Frontline Ltd. (“Frontline” or the “Company”) has agreed with Ship Finance International Limited (“Ship Finance”) to terminate the long term charter for the 1995 built Suezmax tanker Front Splendour, which has surveys due end this year. Ship Finance has simultaneously sold the vessel to an unrelated third party. The charter with Ship Finance is expected to terminate in the fourth quarter of 2015.
Frontline will receive a compensation payment of approximately $1.3 million from Ship Finance for the termination of the current charter.

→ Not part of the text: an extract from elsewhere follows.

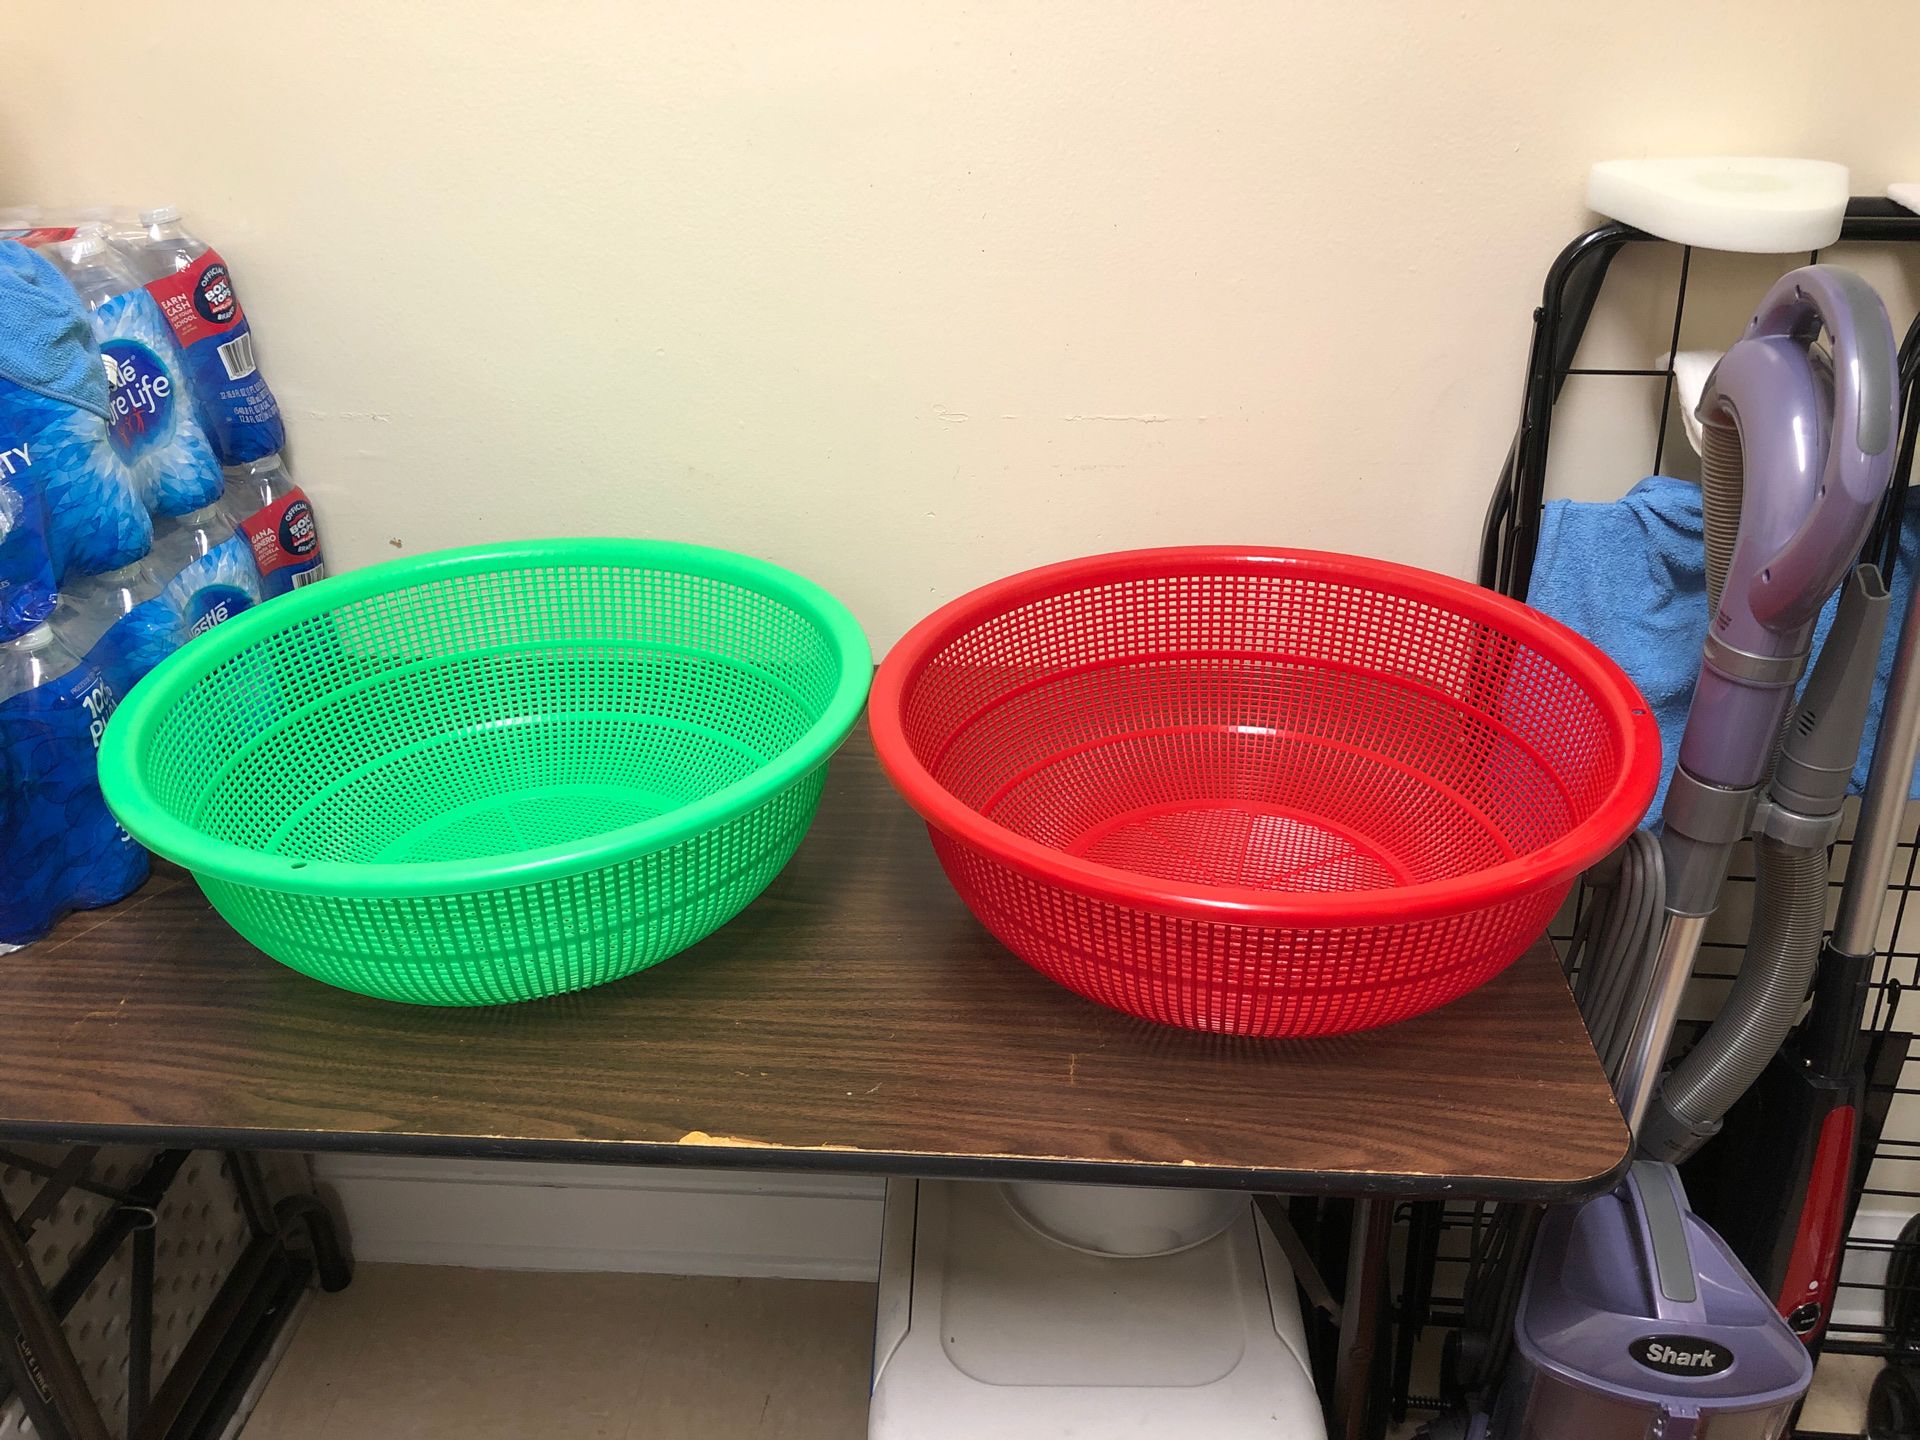 Big plastic colanders 2 for $25 or 1 for $15

Following this termination, the number of vessels on charter from Ship Finance will be reduced to 15 vessels, including 12 VLCCs and three Suezmax tankers.
September 22, 2015
The Board of Directors
Questions should be directed to:
Robert Hvide Macleod: CEO, Frontline Management AS
+47 23 11 40 00
Inger M. Klemp: CFO, Frontline Management AS
+47 23 11 40 00
Forward Looking Statements
This press release contains forward looking statements. These statements are based upon various assumptions, many of which are based, in turn, upon further assumptions, including Frontline management’s examination of historical operating trends. Although Frontline believes that these assumptions were reasonable when made, because assumptions are inherently subject to significant uncertainties and contingencies which are difficult or impossible to predict and are beyond its control, Frontline cannot give assurance that it will achieve or accomplish these expectations, beliefs or intentions.
Important factors that, in the Company’s view, could cause actual results to differ materially from those discussed in this press release include the strength of world economies and currencies, general market conditions including fluctuations in charter hire rates and vessel values, changes in demand in the tanker market as a result of changes in OPEC’s petroleum production levels and world wide oil consumption and storage, changes in the Company’s operating expenses including bunker prices, dry-docking and insurance costs, changes in governmental rules and regulations or actions taken by regulatory authorities, potential liability from pending or future litigation, general domestic and international political conditions, potential disruption of shipping routes due to accidents or political events, and other important factors described from time to time in the reports filed by the Company with the United States Securities and Exchange Commission.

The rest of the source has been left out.